● **PROBLEM**: For this exercise, retype all the data exactly and exclude every image.

● **GIVEN MATERIAL**:
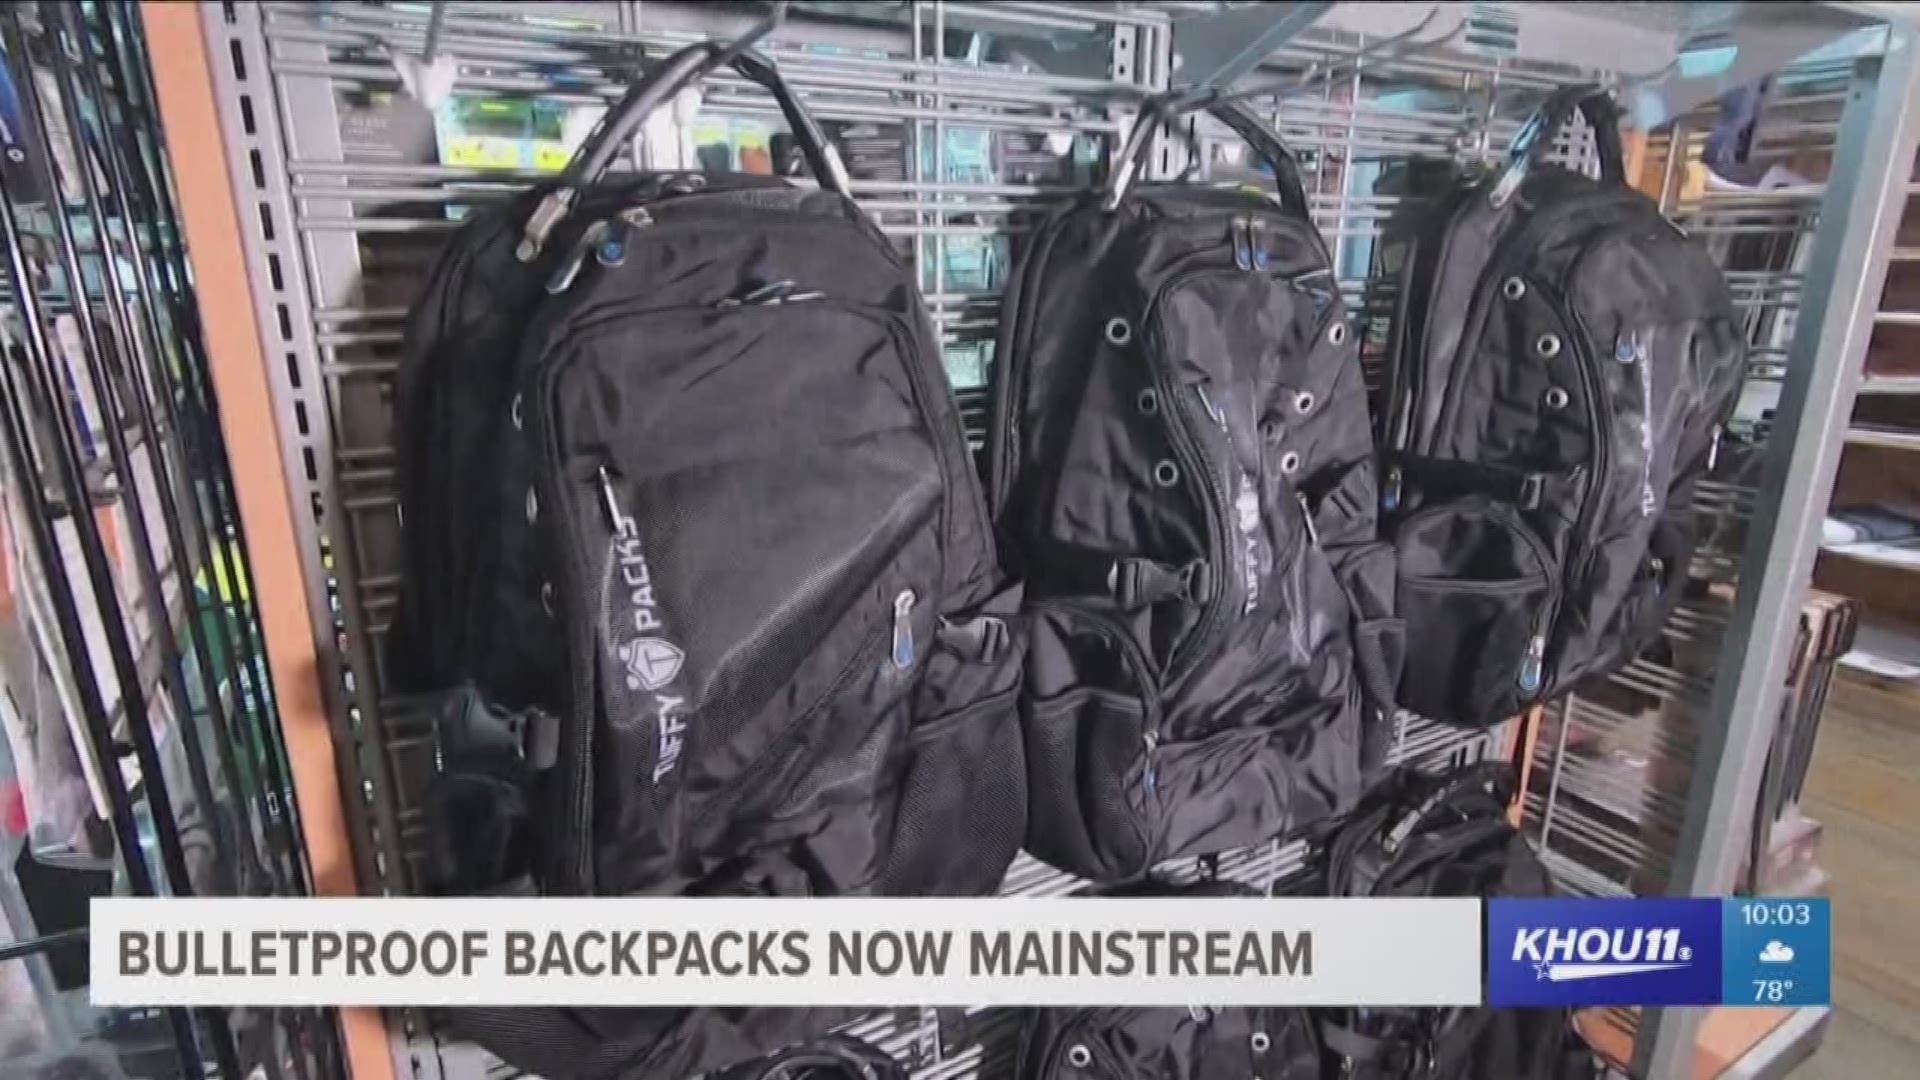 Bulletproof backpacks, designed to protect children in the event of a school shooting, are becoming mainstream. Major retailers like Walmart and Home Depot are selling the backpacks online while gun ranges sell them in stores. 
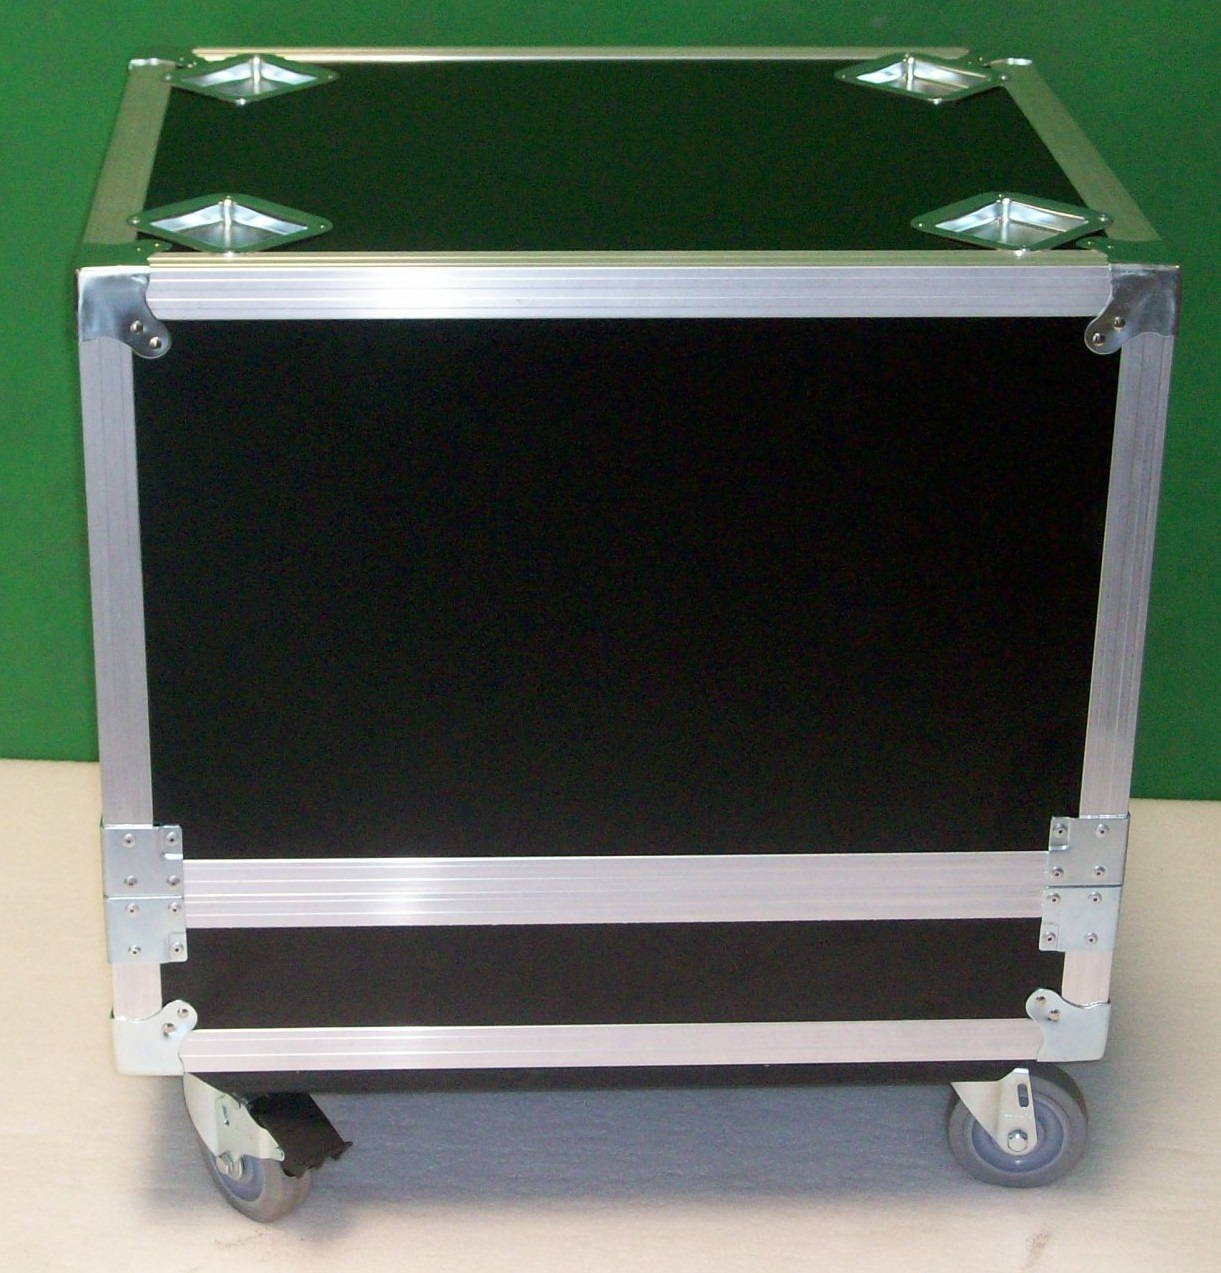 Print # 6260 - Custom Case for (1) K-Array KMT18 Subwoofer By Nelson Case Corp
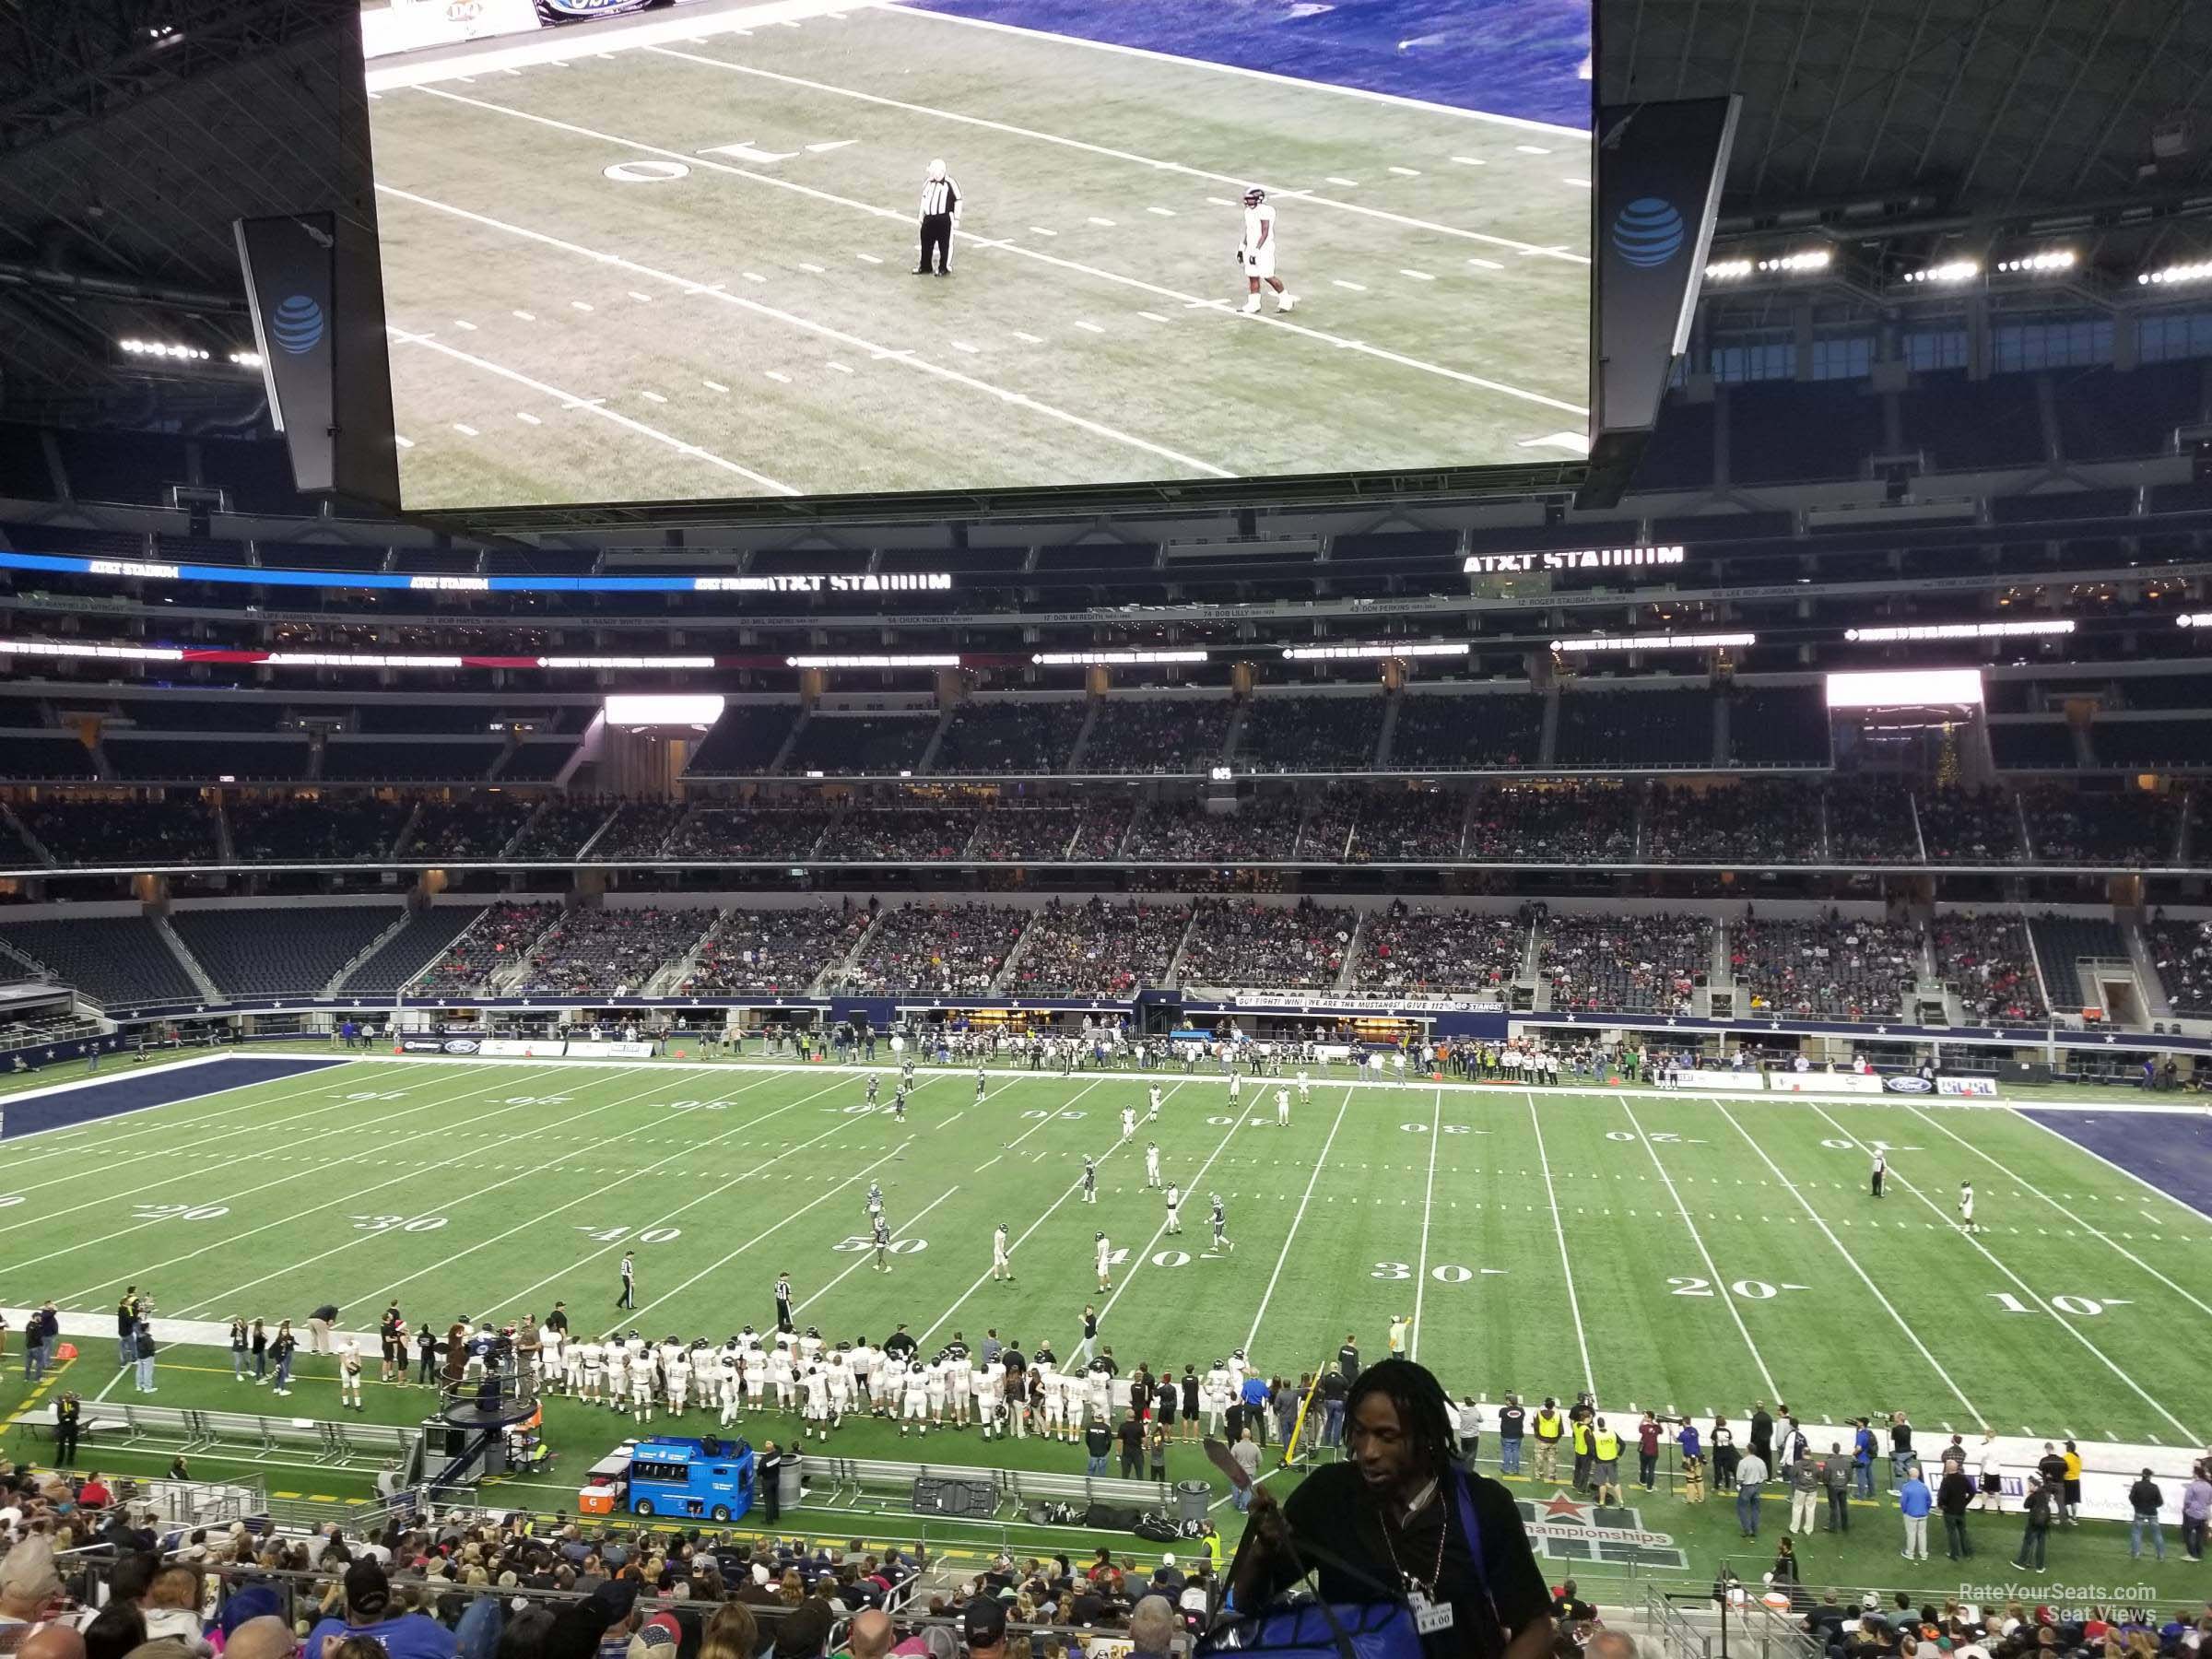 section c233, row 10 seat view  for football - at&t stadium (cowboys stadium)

● **OUTPUT**:
 Bulletproof backpacks, designed to protect children in the event of a school shooting, are becoming mainstream. Major retailers like Walmart and Home Depot are selling the backpacks online while gun ranges sell them in stores. 
 Print # 6260 - Custom Case for (1) K-Array KMT18 Subwoofer By Nelson Case Corp
 section c233, row 10 seat view  for football - at&t stadium (cowboys stadium)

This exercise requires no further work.